▶ ASSIGNED TASK: Write out again, exactly as they appear, the lines from the start of the data below through the line with "Parche Metallica Bay Area Thrash Parche"; no pictures.

====== DATA SECTION ======

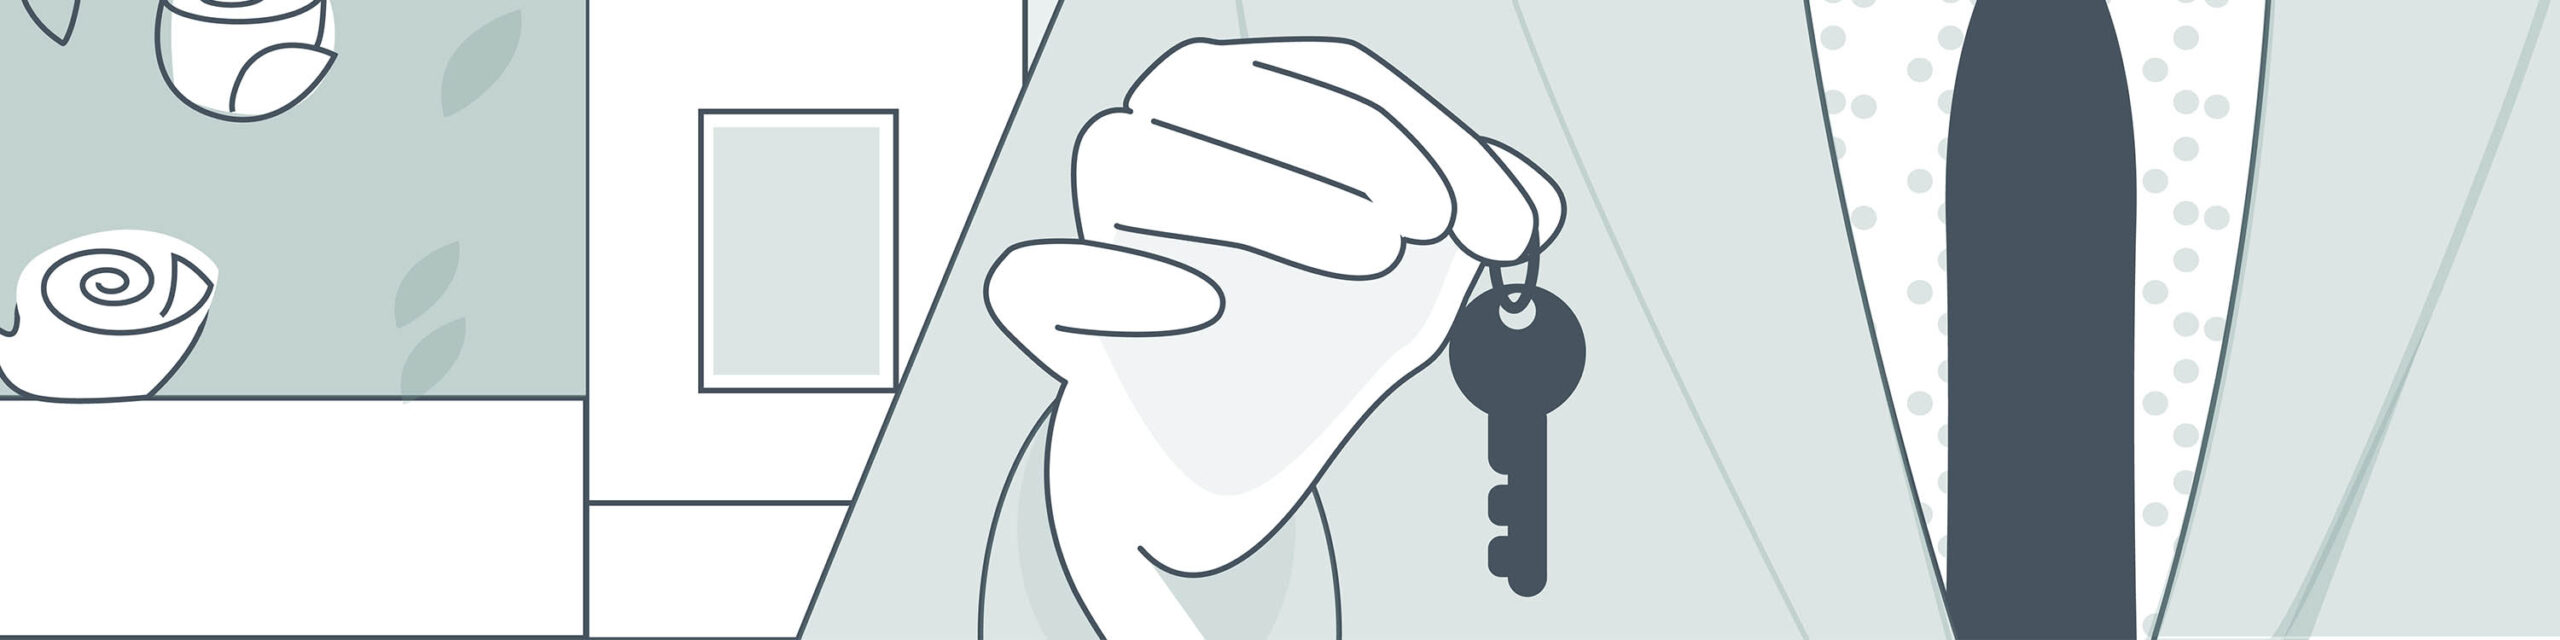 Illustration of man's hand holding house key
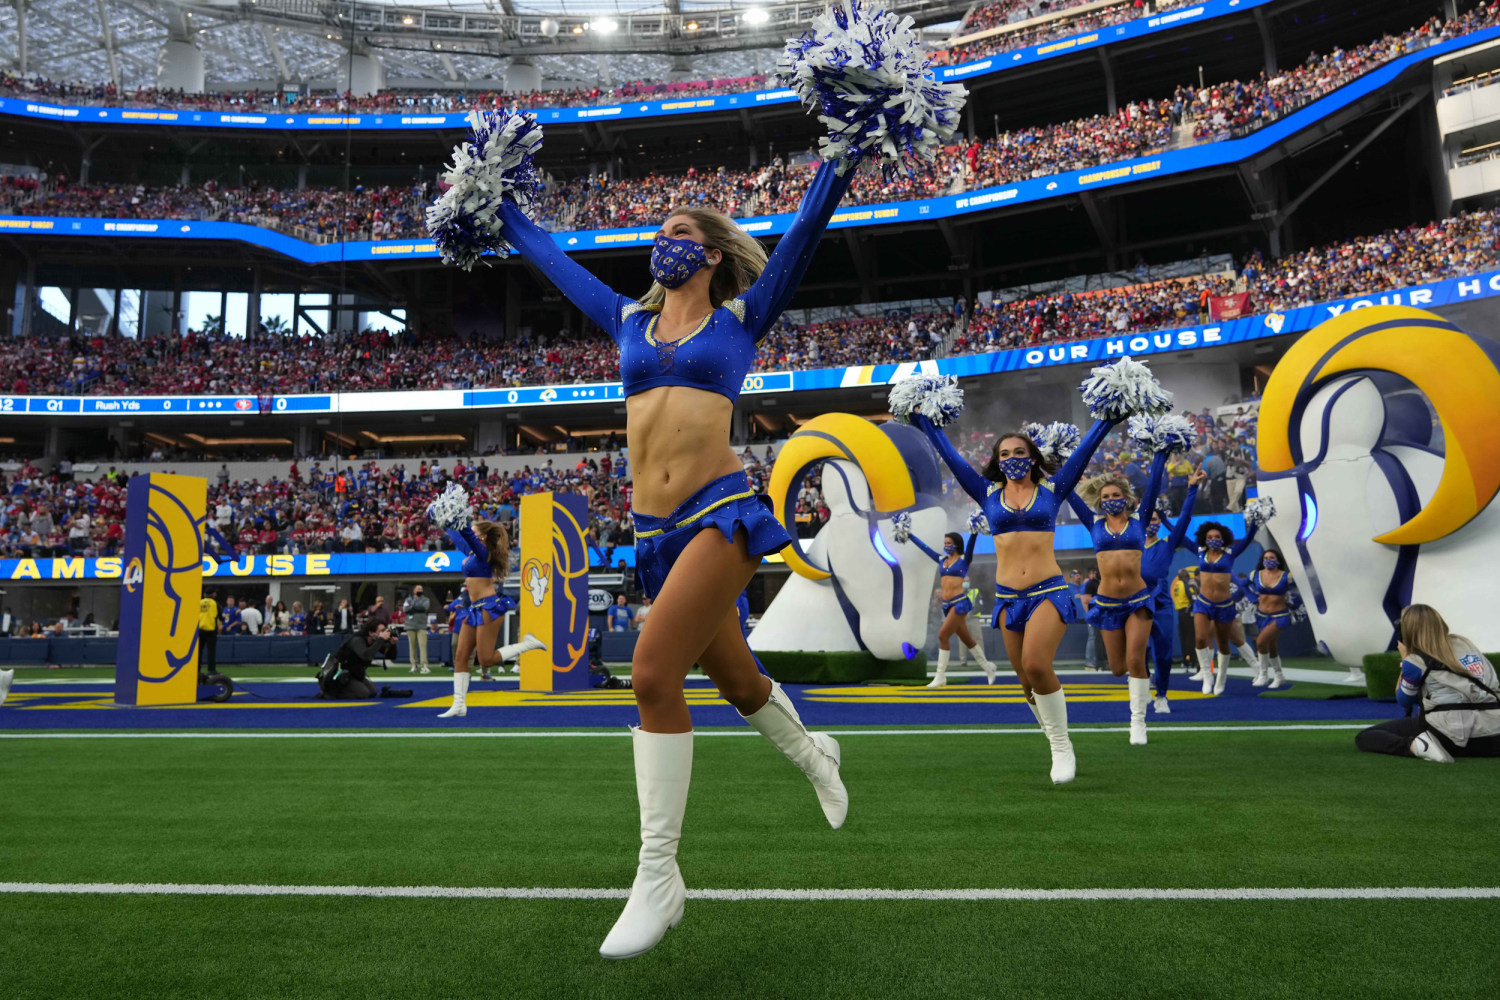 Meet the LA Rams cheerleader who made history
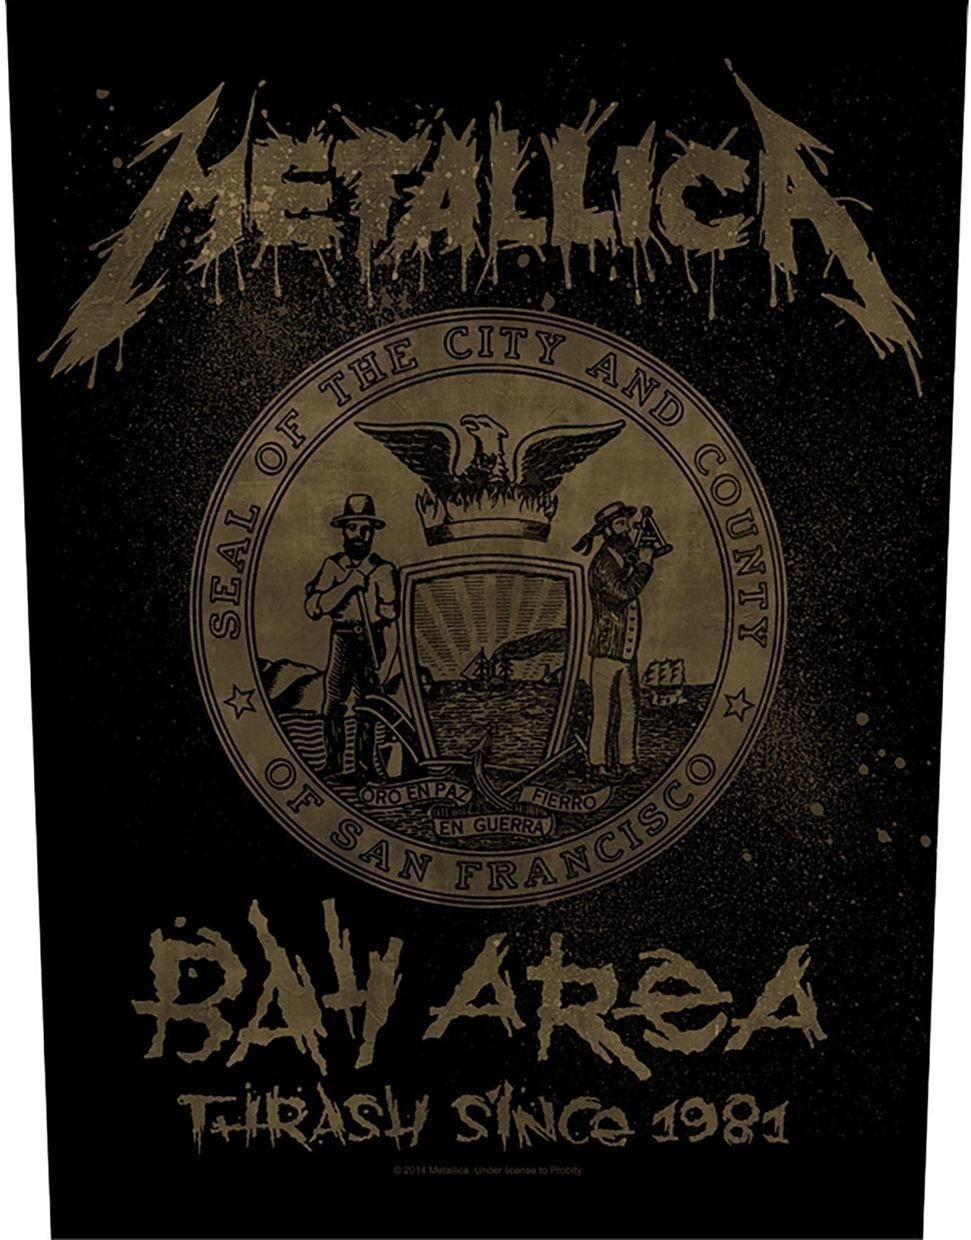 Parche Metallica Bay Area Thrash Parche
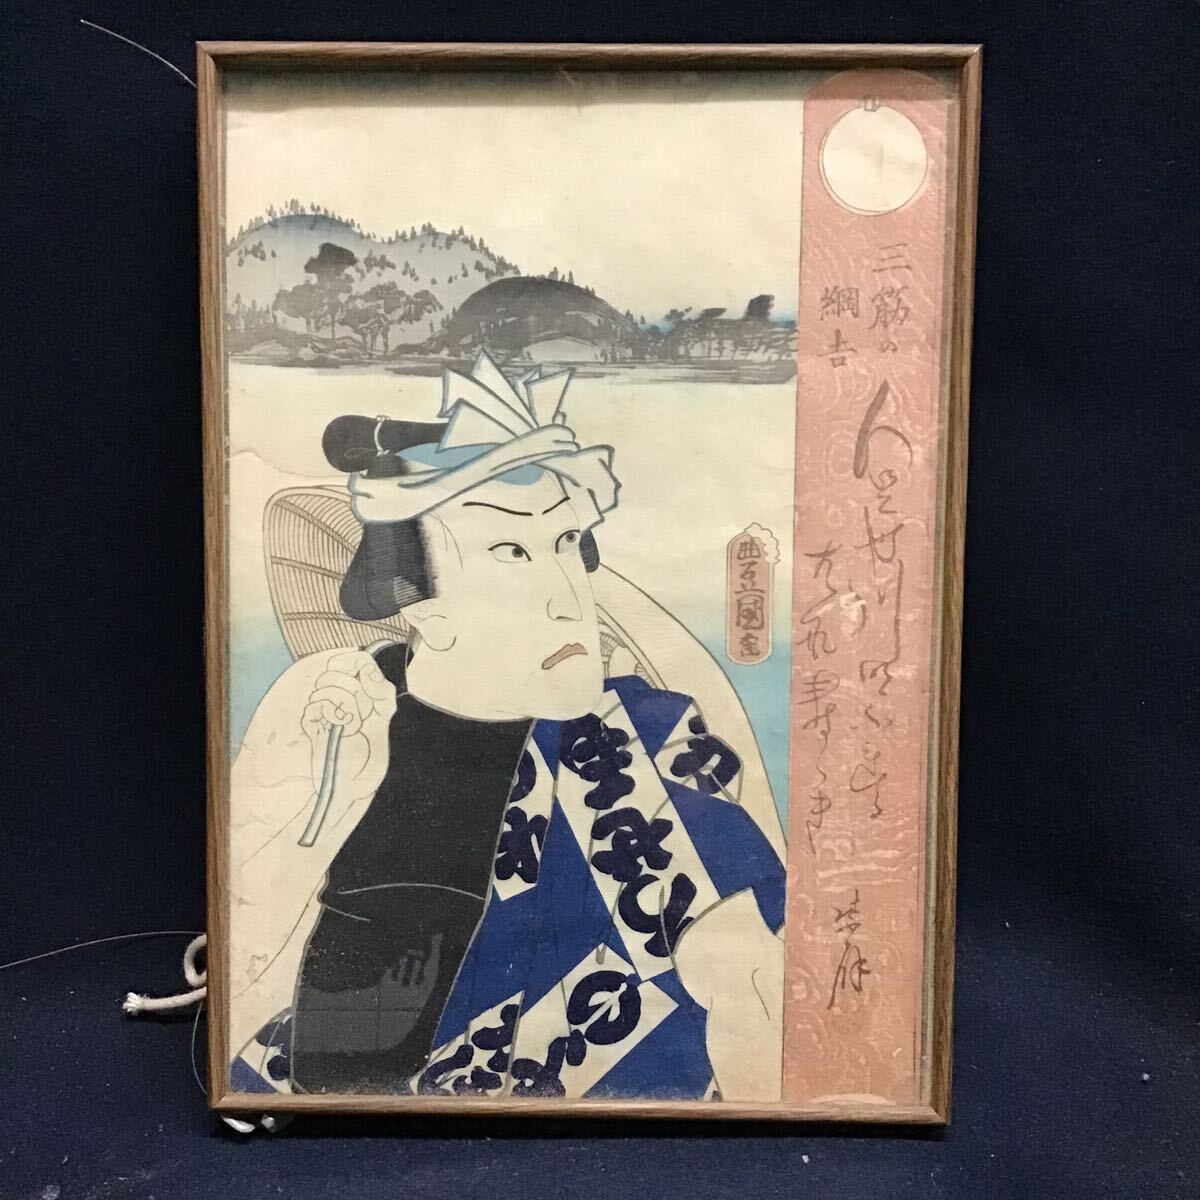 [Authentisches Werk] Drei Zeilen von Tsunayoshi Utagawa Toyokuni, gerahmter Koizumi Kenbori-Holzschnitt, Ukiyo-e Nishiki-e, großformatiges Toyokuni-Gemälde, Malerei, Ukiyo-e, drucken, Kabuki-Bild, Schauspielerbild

======

▶ EXERCISE ANSWER:
 Illustration of man's hand holding house key
 Meet the LA Rams cheerleader who made history
 Parche Metallica Bay Area Thrash Parche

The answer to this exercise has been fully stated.